Directions = Below are the records; repeat exactly their lines between the line holding "Eine italienische Bronzefigur" and the line holding "Filmbeschreibung zu The Yes Men", inclusive, skipping the pictures.

Material supplied =
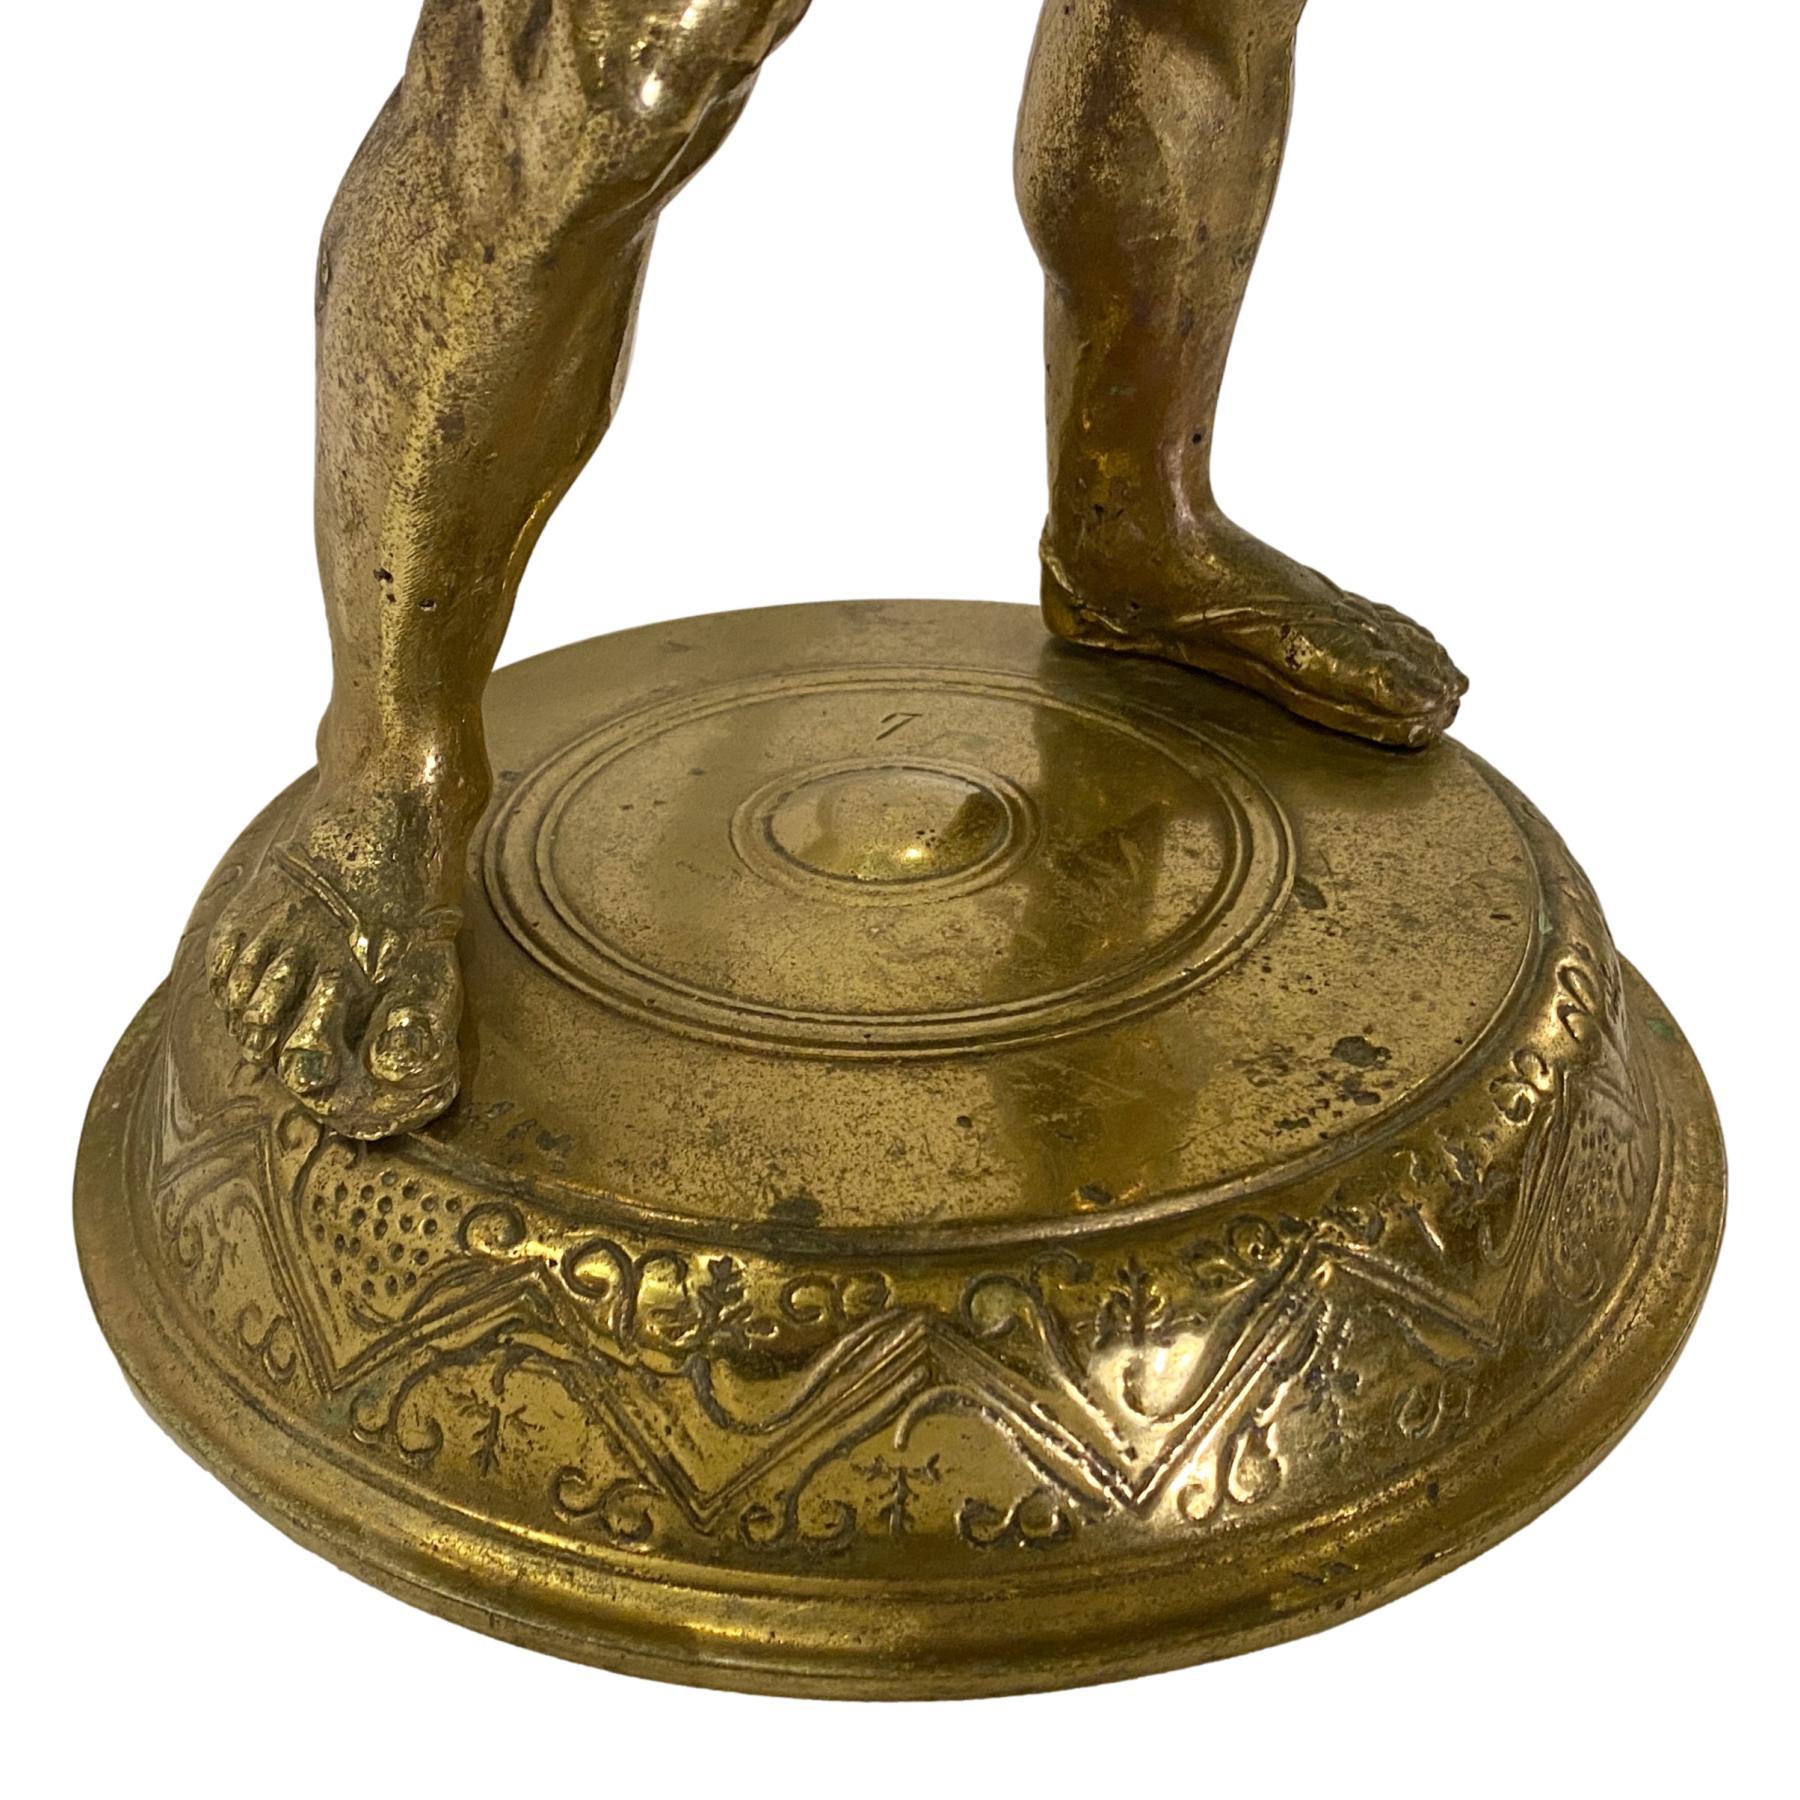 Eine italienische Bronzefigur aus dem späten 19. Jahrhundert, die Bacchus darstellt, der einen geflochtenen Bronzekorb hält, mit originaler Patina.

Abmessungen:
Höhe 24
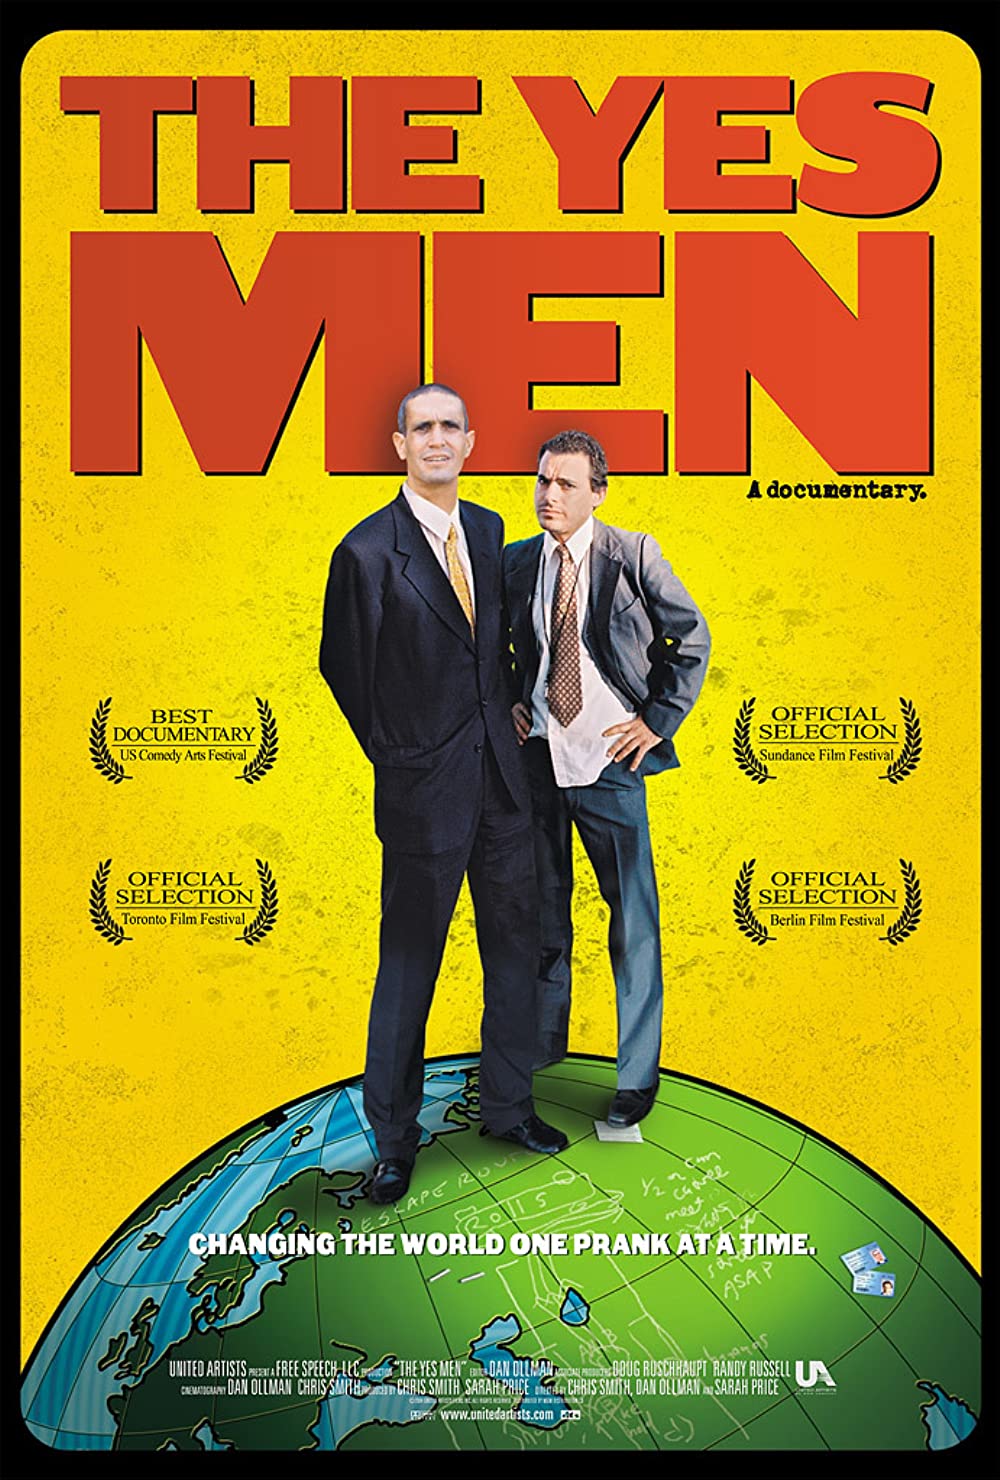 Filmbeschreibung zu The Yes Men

==

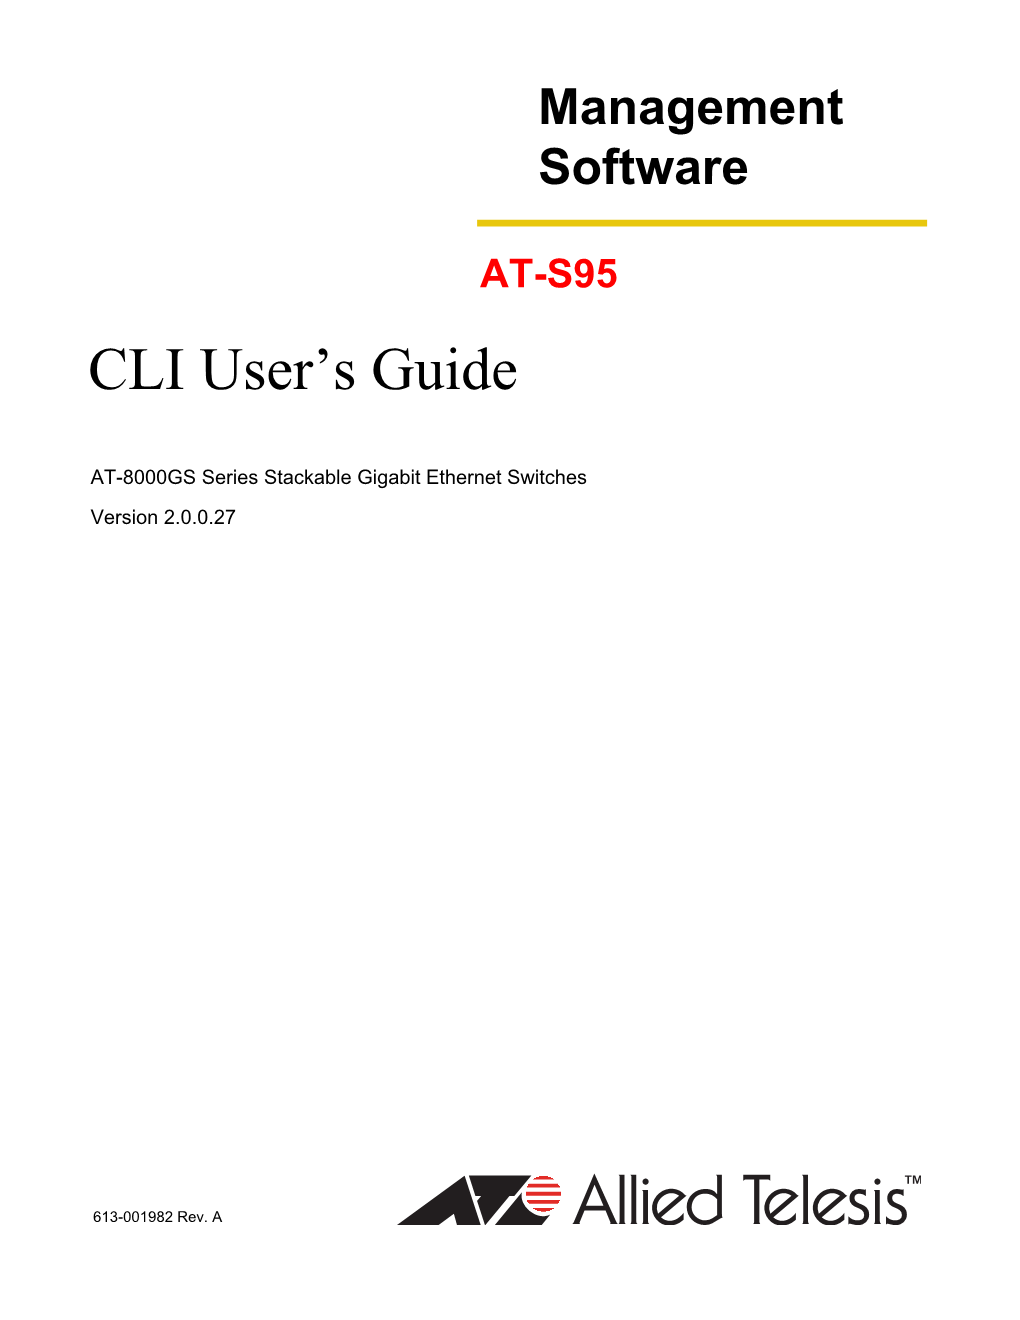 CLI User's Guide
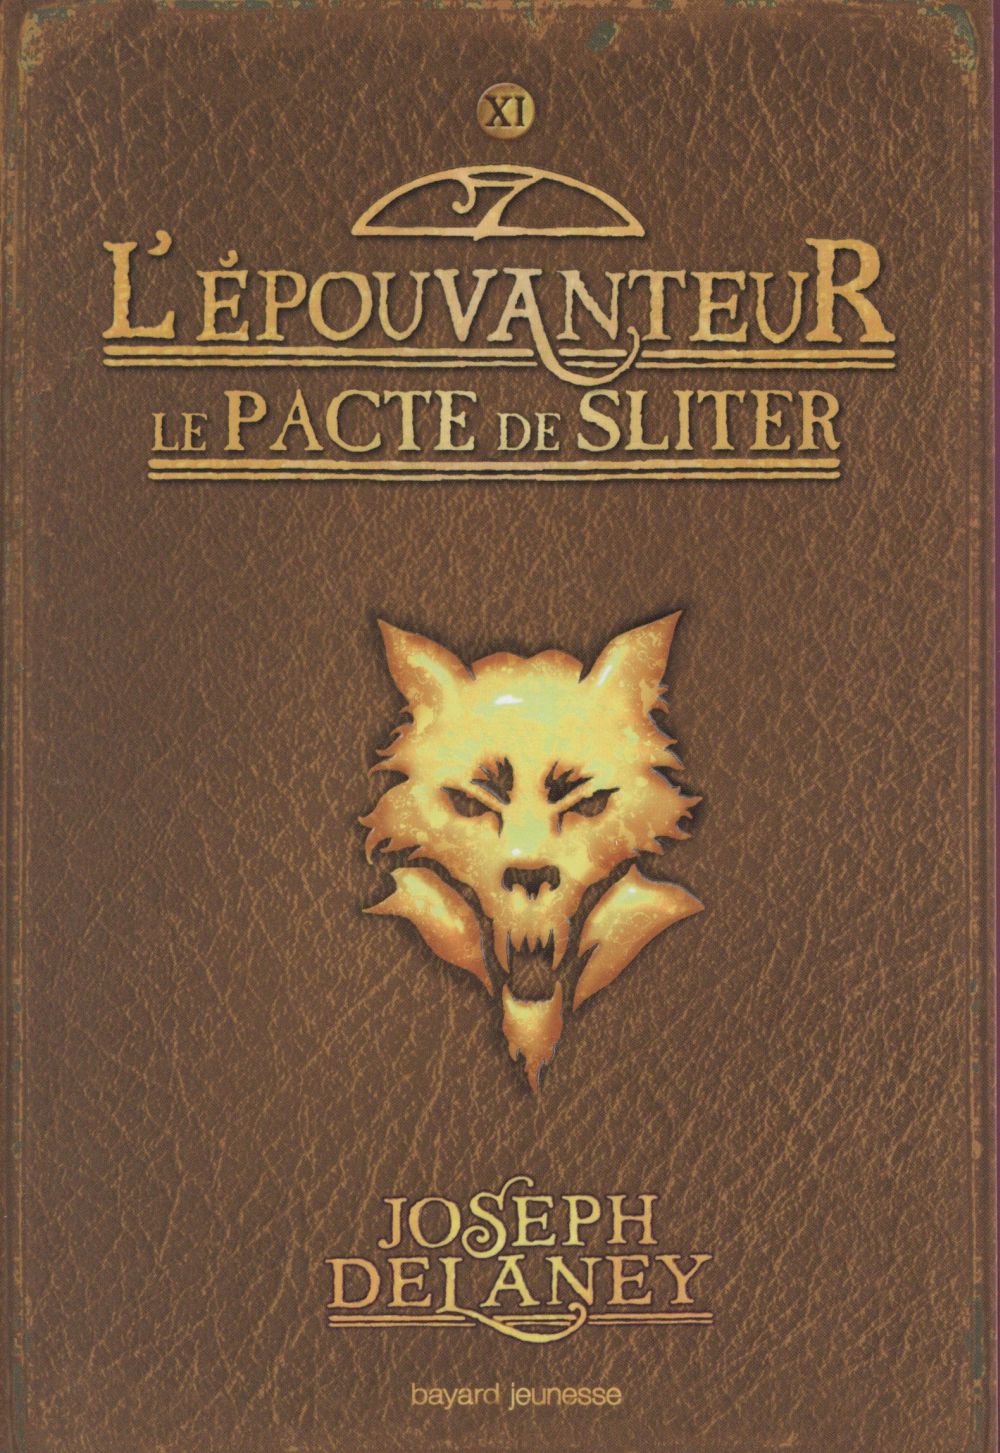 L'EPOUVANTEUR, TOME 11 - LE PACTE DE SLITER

--

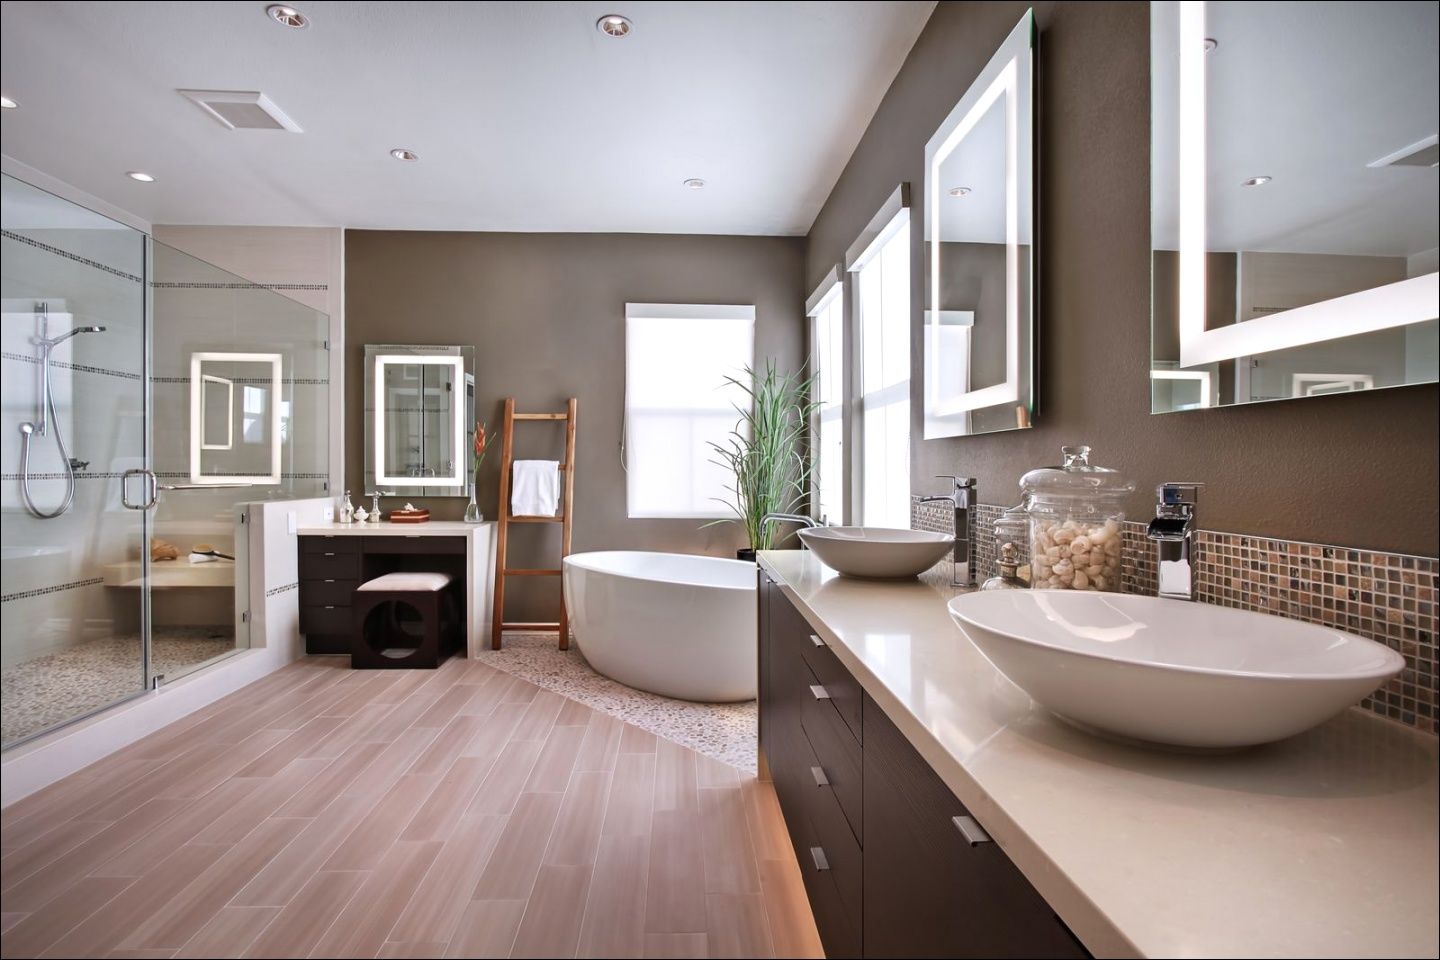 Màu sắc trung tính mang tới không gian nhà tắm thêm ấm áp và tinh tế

Written solution =
 Eine italienische Bronzefigur aus dem späten 19. Jahrhundert, die Bacchus darstellt, der einen geflochtenen Bronzekorb hält, mit originaler Patina.

Abmessungen:
Höhe 24
 Filmbeschreibung zu The Yes Men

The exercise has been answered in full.